Genetically Modified Herpesvirus Shows Promise in Melanoma Treatment

A recent clinical trial has revealed that a genetically modified version of the herpes simplex virus type 1 (HSV-1), combined with the immunotherapy drug nivolumab, has shown significant potential in treating late-stage melanoma. This innovative approach targets patients whose tumors have become resistant to traditional therapies, marking a promising advancement in cancer treatment. According to Dr. Gino In, an oncologist at Keck Medicine of USC and coauthor of the study published in the Journal of Clinical Oncology on July 8, 2025, the combination therapy resulted in tumor shrinkage or elimination in one-third of participants after they had exhausted standard treatment options.

Melanoma, a severe form of skin cancer, accounts for a disproportionate number of skin cancer deaths despite being less common than other types of skin cancer. The American Cancer Society reported that melanoma is responsible for about 1 in 100 cases of skin cancer, yet over the past decade, death rates have improved due to advancements in immunotherapy (American Cancer Society, January 16, 2025). However, the effectiveness of these treatments varies, and many patients face limited options when standard therapies fail.

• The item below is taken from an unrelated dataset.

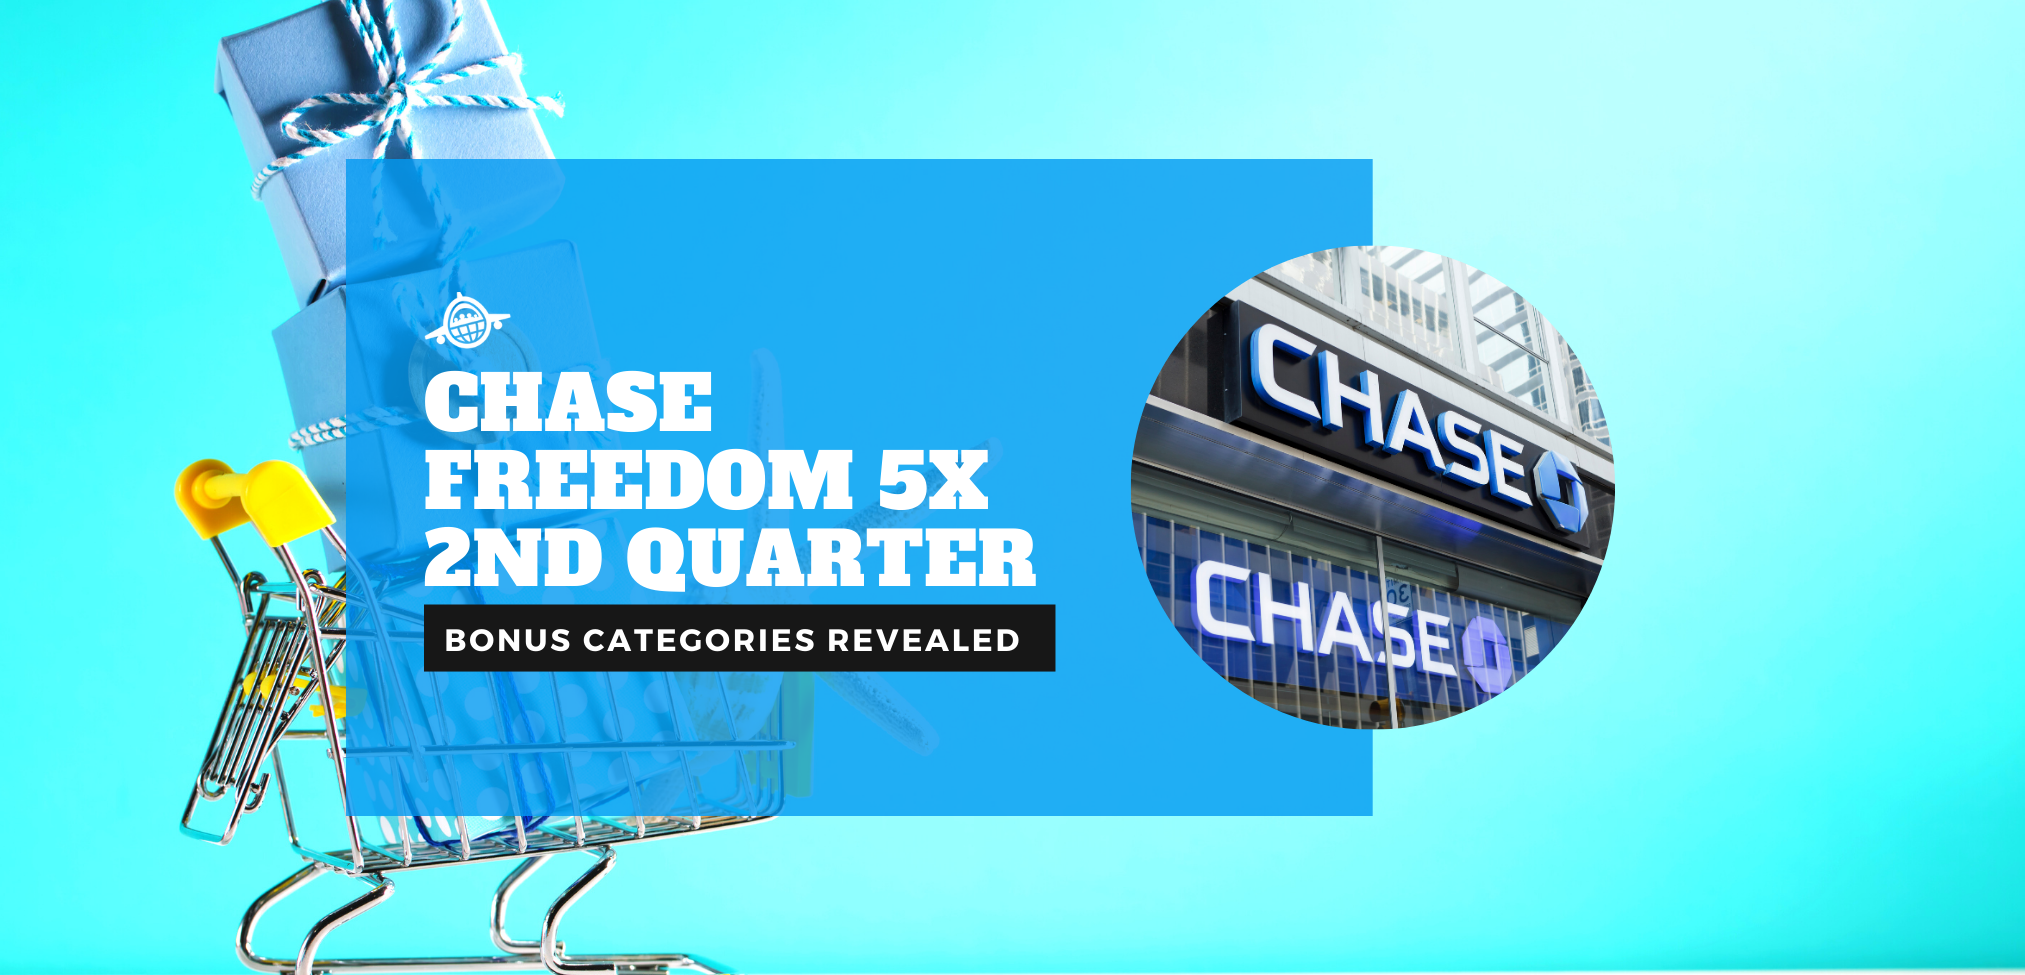 Chase Freedom Bonus Categories Quarter 2 2021 Great 5X Opportunity!

The RP1 therapy, as it is known, has a unique mechanism of action. Researchers engineered the virus to eliminate its disease-causing attributes while enhancing its cancer-fighting capabilities. This modification involved removing harmful genes from the virus, allowing it to infect and attack cancer cells more effectively, as explained by Dr. In. The treatment was administered through injections directly into the tumor sites, which included various locations such as skin, lymph nodes, and internal organs. Remarkably, not only did the injected tumors shrink in one-third of patients, but tumors that were not directly treated also exhibited significant responses, suggesting a systemic effect of the therapy.

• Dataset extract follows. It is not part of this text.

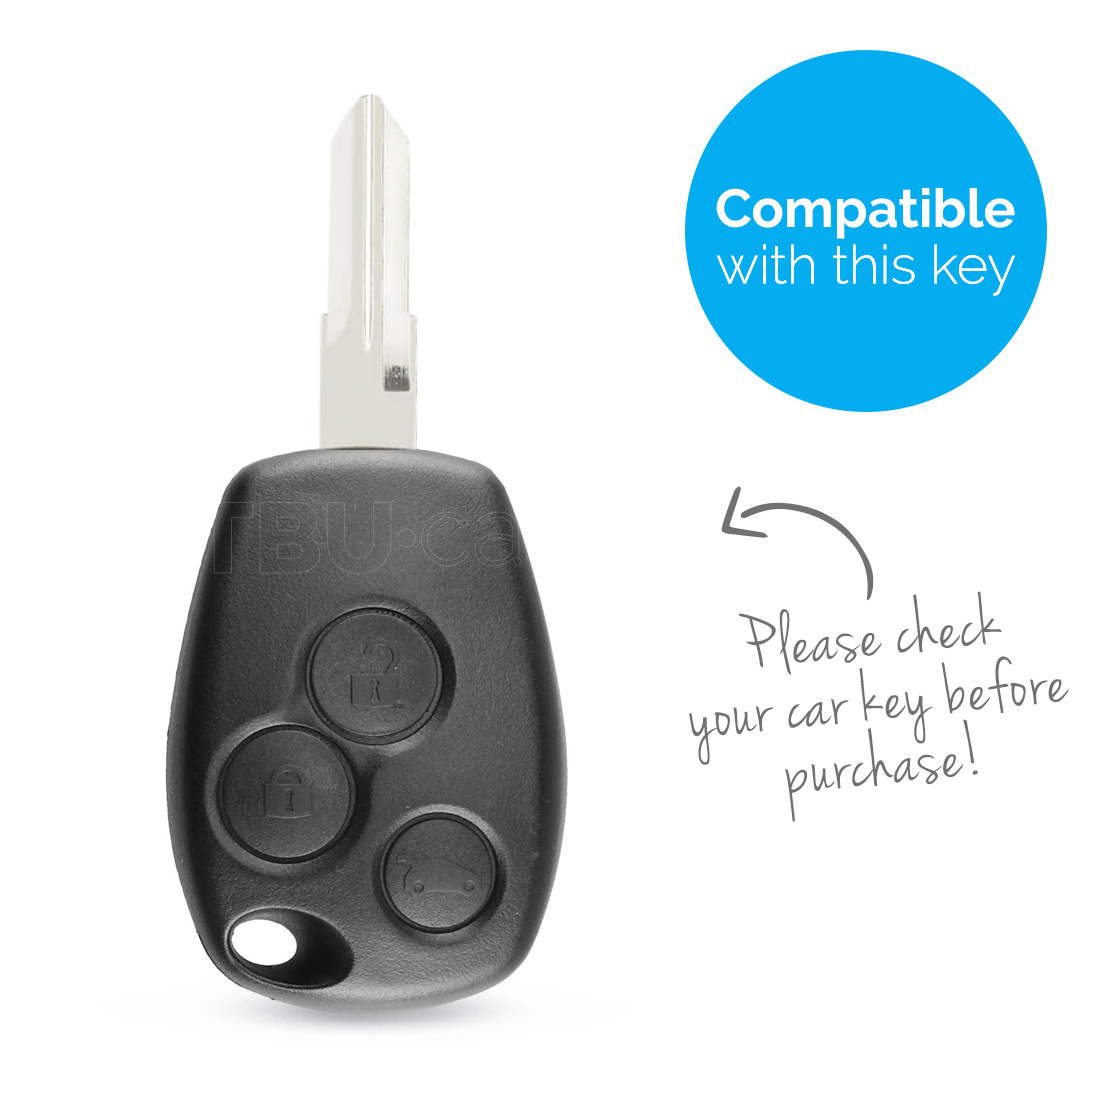 TBU car Autoschlüssel Hülle kompatibel mit Audi 3 Tasten (Keyless Entry) -  Schutzhülle aus Silikon - Auto Schlüsselhülle Cover in Schwarz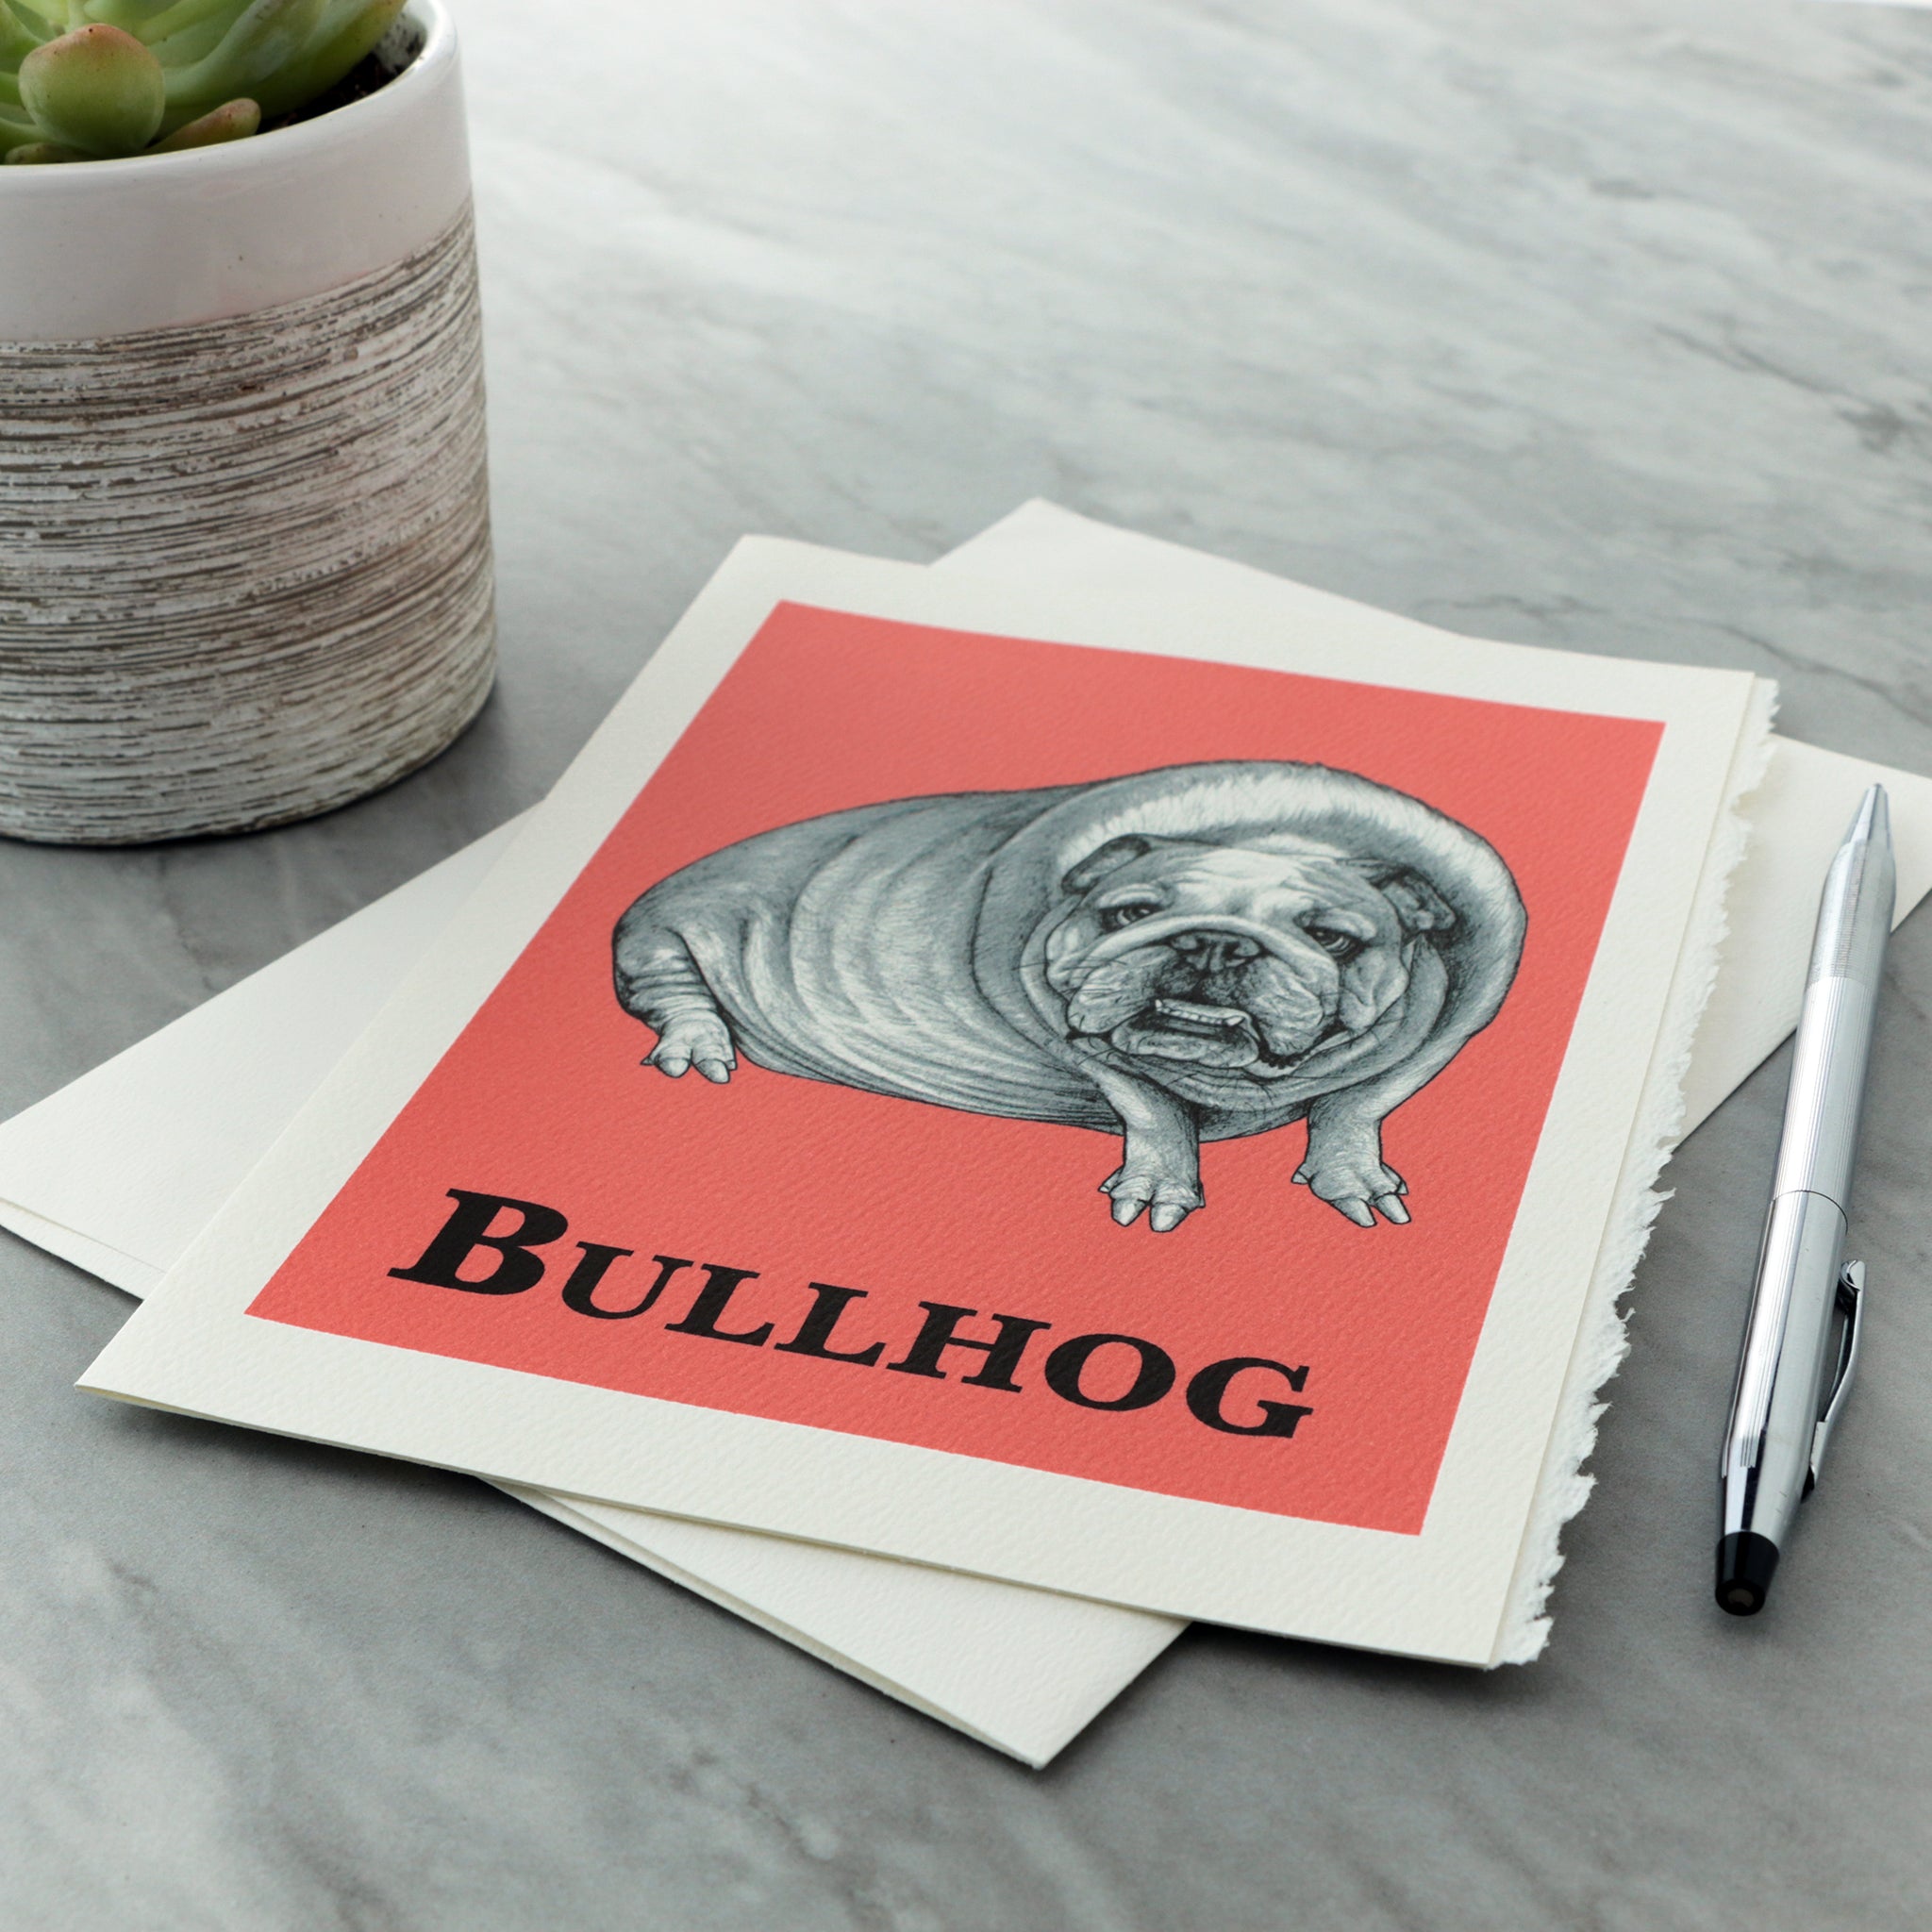 Bullhog 5x7" Greeting Card

Dr. Shailender Bhatia, Director of the Melanoma and Renal Cancer Team at Fred Hutch Cancer Center, noted that the results were particularly exciting for late-stage melanoma patients. He added that the potential applicability of RP1 may extend to other cancers, as the findings suggest a broader capability to combat tumors beyond those directly injected.

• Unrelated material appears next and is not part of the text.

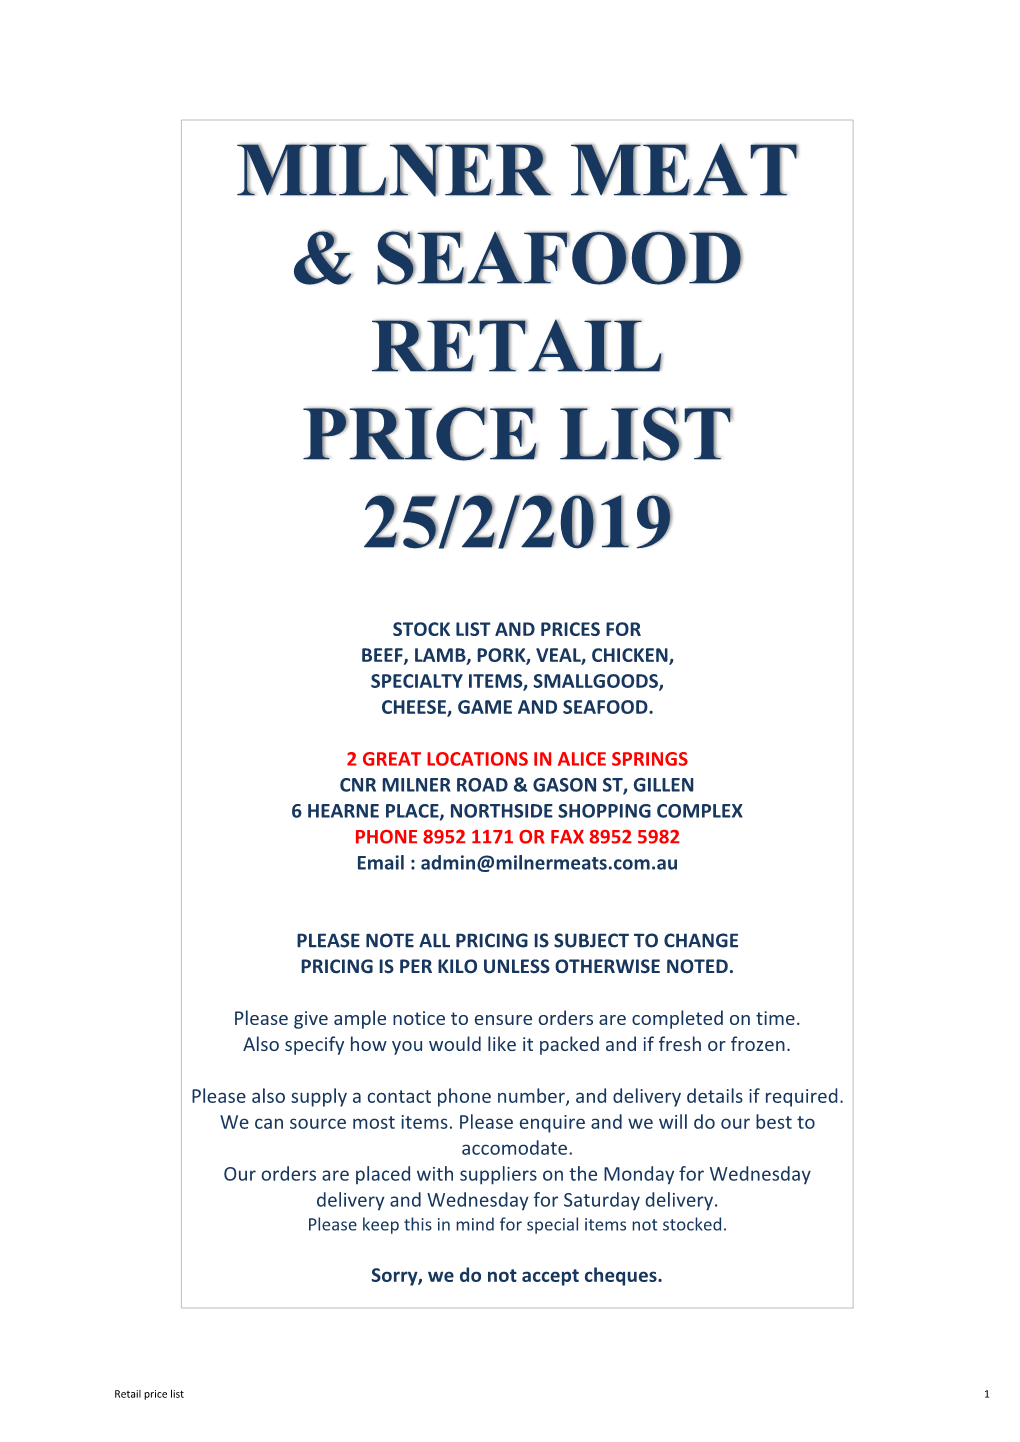 Milner Meat & Seafood Retail Price List 25/2/2019

The clinical trial enrolled 140 participants with advanced melanoma, all of whom had tumors that continued to progress despite standard immunotherapy treatments. Participants received RP1 injections every two weeks, up to eight doses, alongside nivolumab, an established immune checkpoint inhibitor. Dr. Amanda Kirane, Director of Cutaneous Surgical Oncology at Stanford Cancer Center, commented on the implications of the findings, highlighting the treatment's potential for tumors in hard-to-reach areas, which could significantly enhance treatment options for patients with metastasized cancers.

The safety profile of RP1 appears favorable, with most side effects reported as mild and flu-like. Dr. In emphasized that the one-third response rate is competitive when compared to other therapies, such as tumor-infiltrating lymphocyte (TIL) therapy, which requires hospitalization due to severe side effects, or the combination of nivolumab with relatlimab, which has lower efficacy rates.

As the researchers prepare for a Phase 3 trial, IGNYTE-3, to validate their findings in a larger cohort, the treatment is under priority review by the U.S. Food and Drug Administration (FDA). A decision on its potential accelerated approval is expected by July 2025, according to Dr. In, who expressed optimism that this breakthrough could significantly alter the treatment landscape for melanoma patients.

This development underscores the transformative potential of viral therapies in oncology, representing a shift towards harnessing the body’s immune system to combat cancer effectively. As research progresses, patients with late-stage melanoma are encouraged to explore clinical trial options, further highlighting the importance of continued innovation in cancer treatment.